Tuesday, August 12, 2008

Out of Memory

Today my uncle died. He was 74 years old, so it's not that shocking. The perhaps more shocking aspect is that I really don't care. Honestly. He was my father's brother, and we never see my father's family, except weddings, funerals, and bar mitzvahs. I could probably count on my fingers the times I've met Uncle Warren. At least the ones I remember, the ones after babyhood.

My father, on the other hand, cares. His usual way of showing this is to speak openly and honestly about why Warren's death matters to him, without ever giving an impression of emotional impact. Being in touch with feelings is a good thing, but not too closely. That could get dangerous. Bah.

I absolutely do not want to go to the funeral. Not at all.

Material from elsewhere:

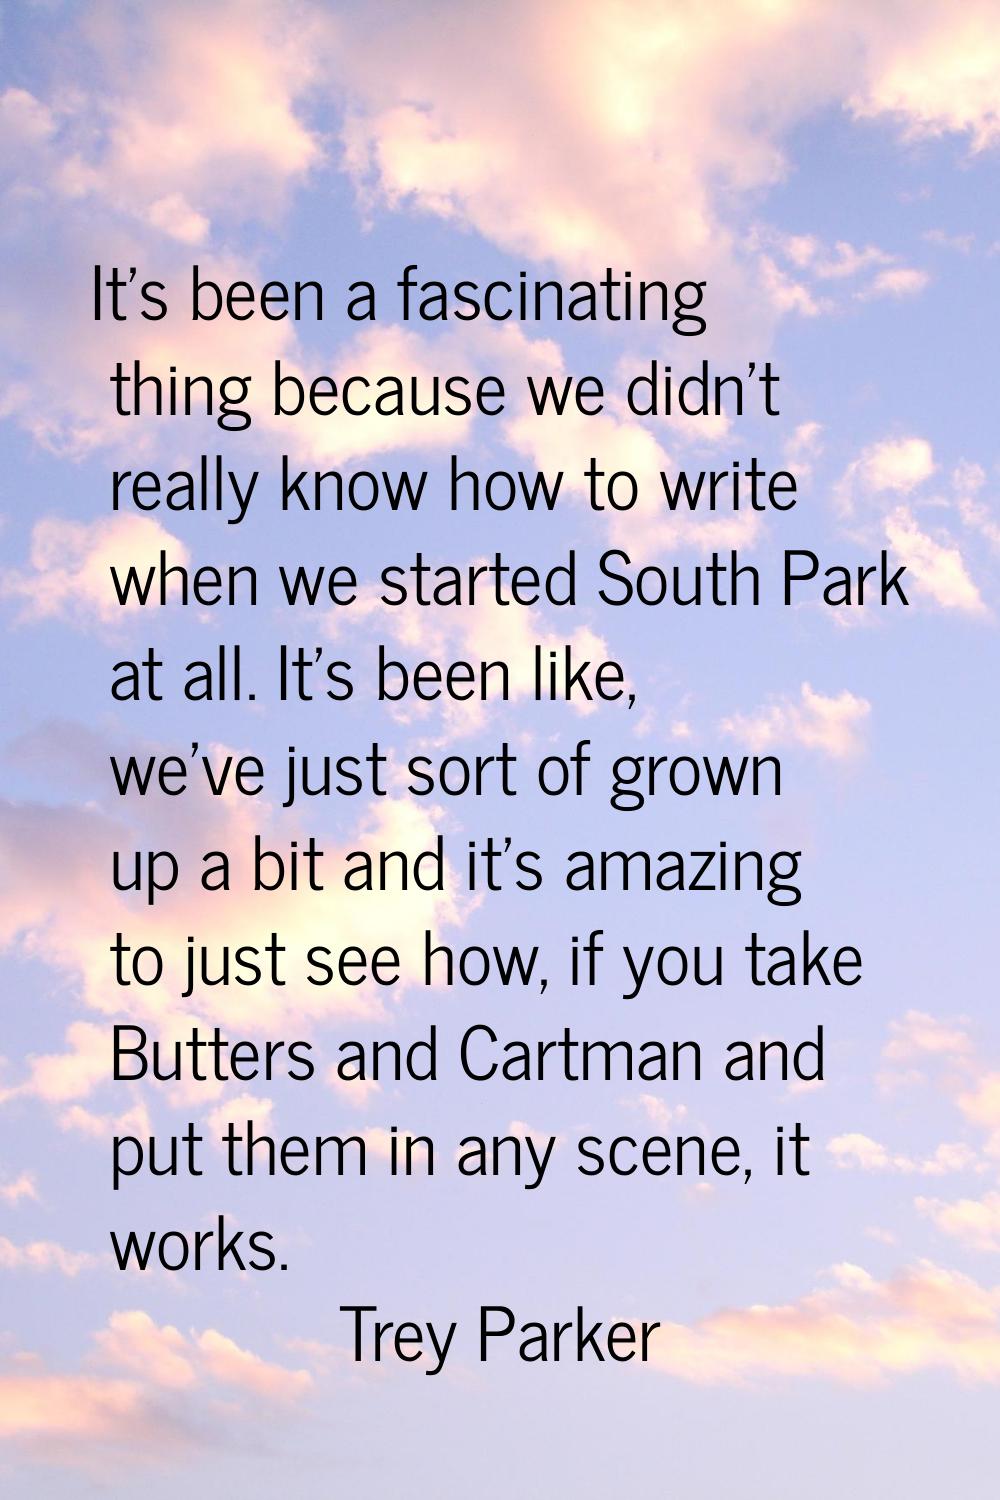 It's been a fascinating thing because we didn't really know how to write when we started South Park

I care very little about anyone who will be there, except for my parents and possibly my sister (possibly she will be there, not possibly I care). But will I go? Maybe Dad will be upset if I obviously don't care, but not too upset if I argue logistics? I have yet to decide how to handle this.

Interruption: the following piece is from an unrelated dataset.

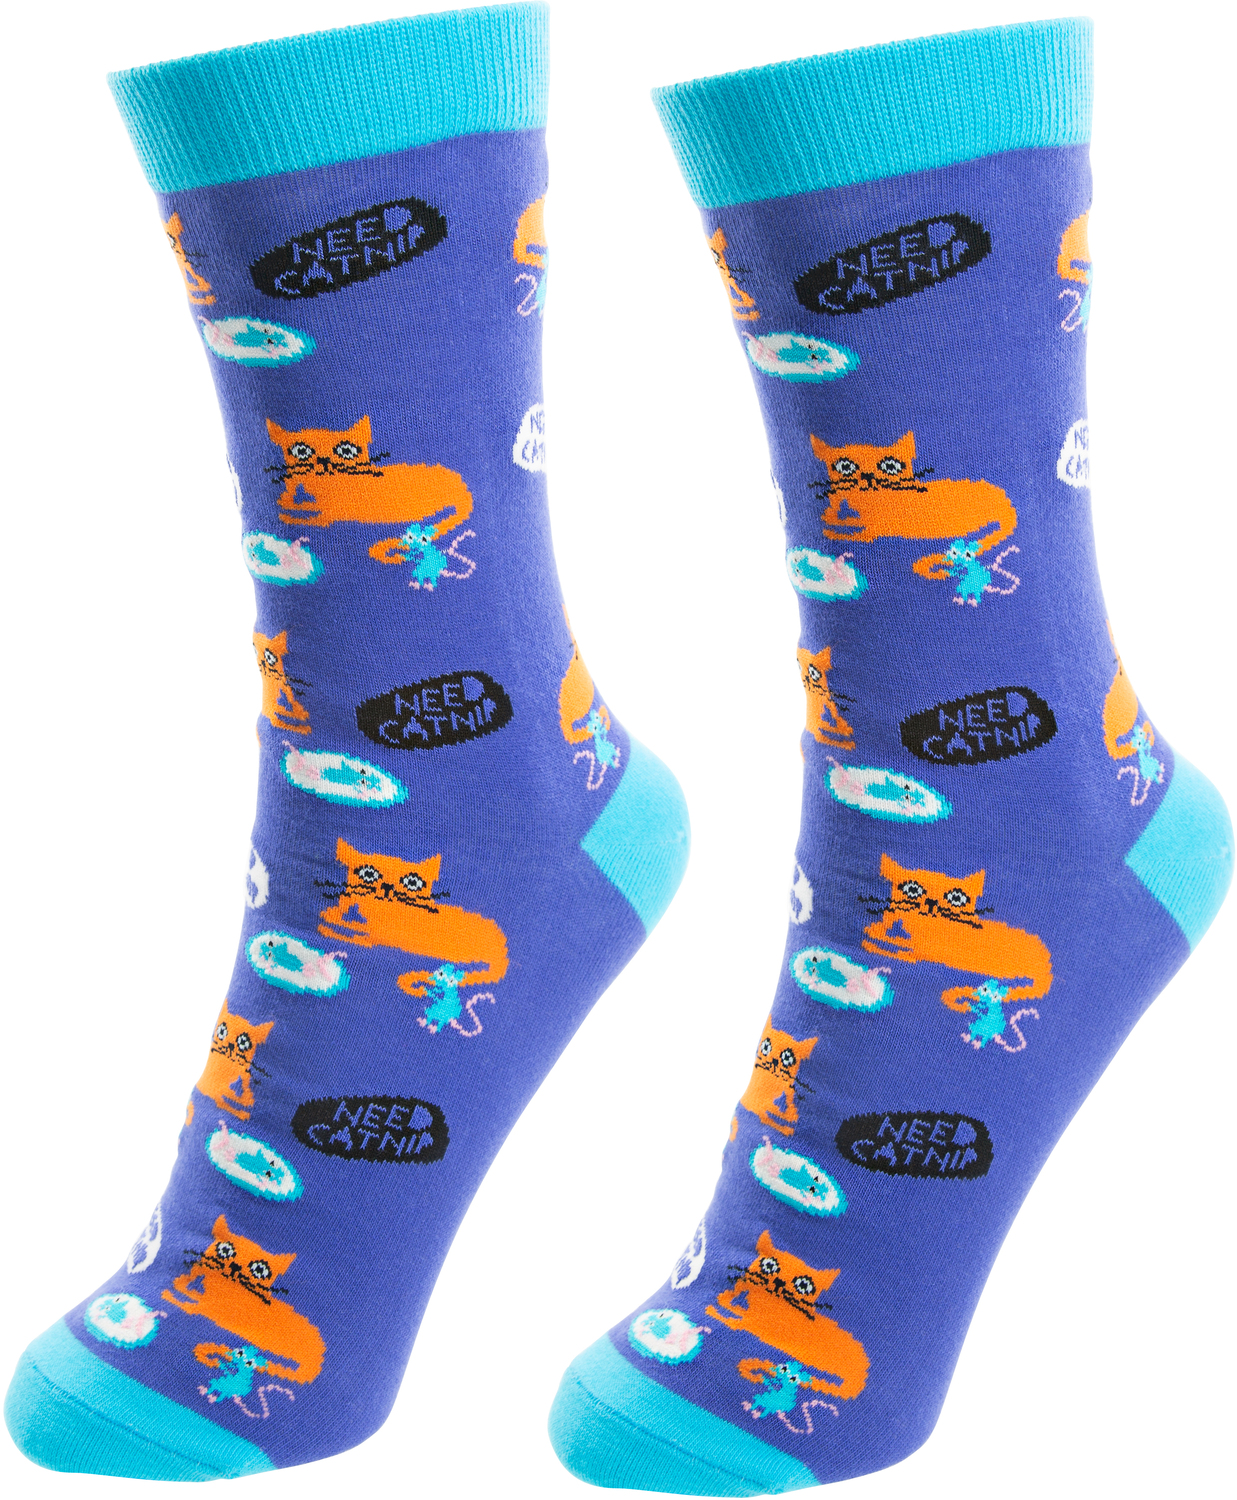 Not Meow-tivated by Fugly Friends - Not Meow-tivated - S/M Unisex Cotton Blend Sock

I also feel slightly guilty for not caring. I cry about strangers I read about in the newspaper (rarely, but it happens), but have not the slightest urge to cry for my newly dead uncle.

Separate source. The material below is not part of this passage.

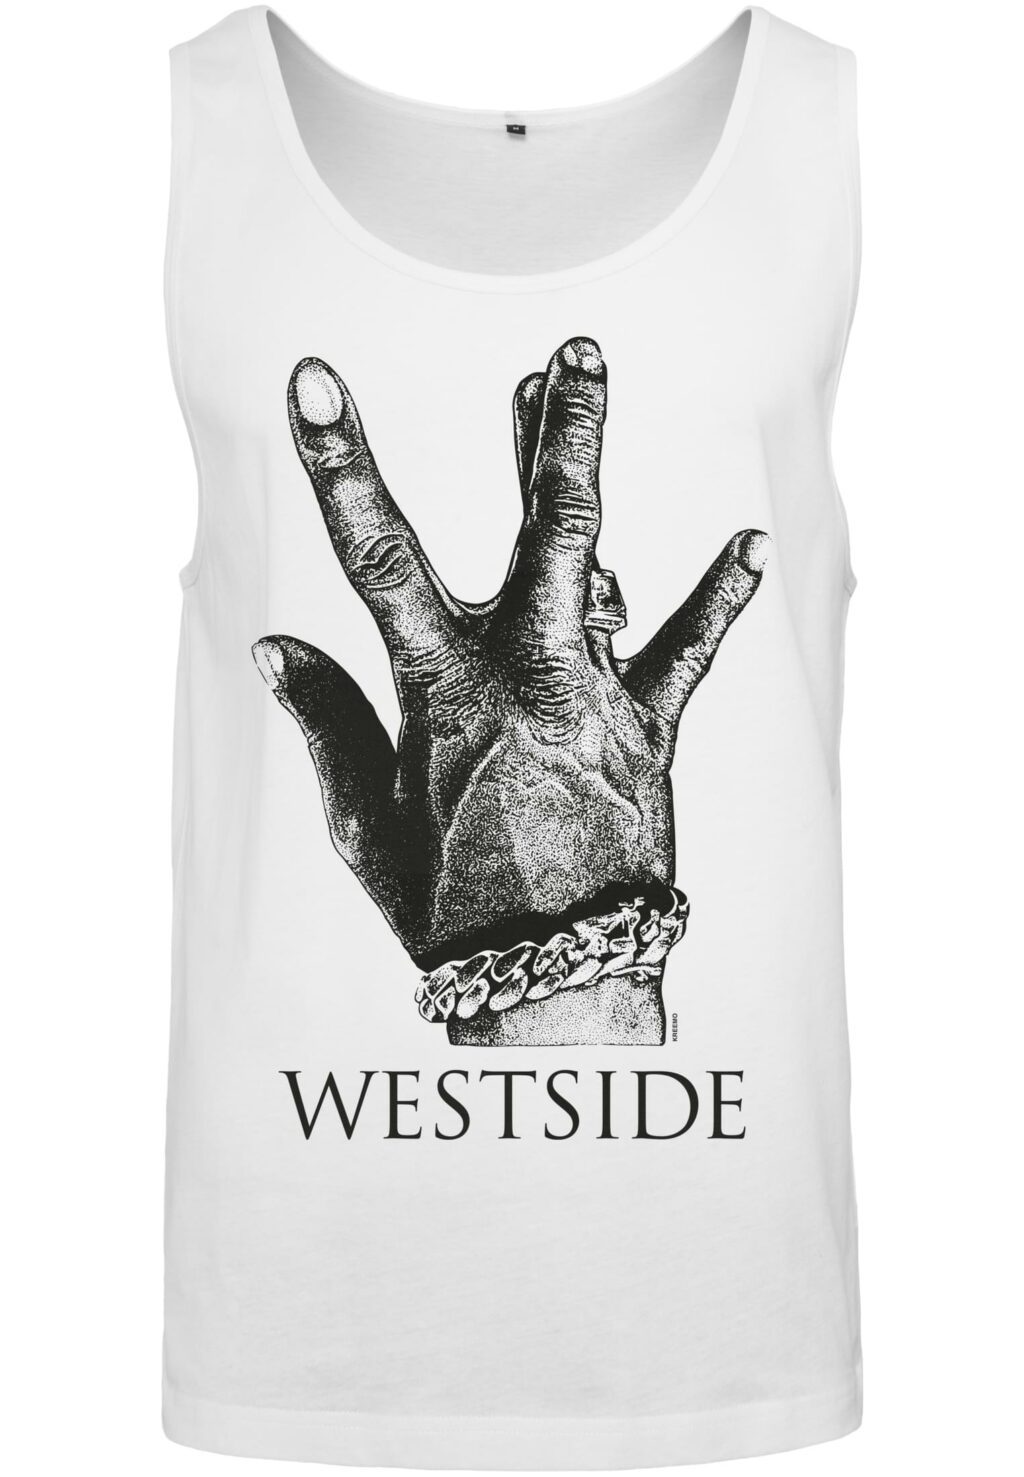 Westside Connection 2.0 Tank Top white MT2576

Oh well. RIP Warren Baltimore, 1934-2008. I'm sure you were worth getting to know better than I did. I'm sorry you and Dad never understood each other enough to make any lasting relationship work. I wish y'all had either gotten over your estrangement or given me some sort of explanation behind it. Sorry I never made it out to Nantucket to visit you. Not sorry I never made it out to Ohio to visit you when you were there. Hope the democratic party there can make it without you. I certainly can, and for that I am also sorry.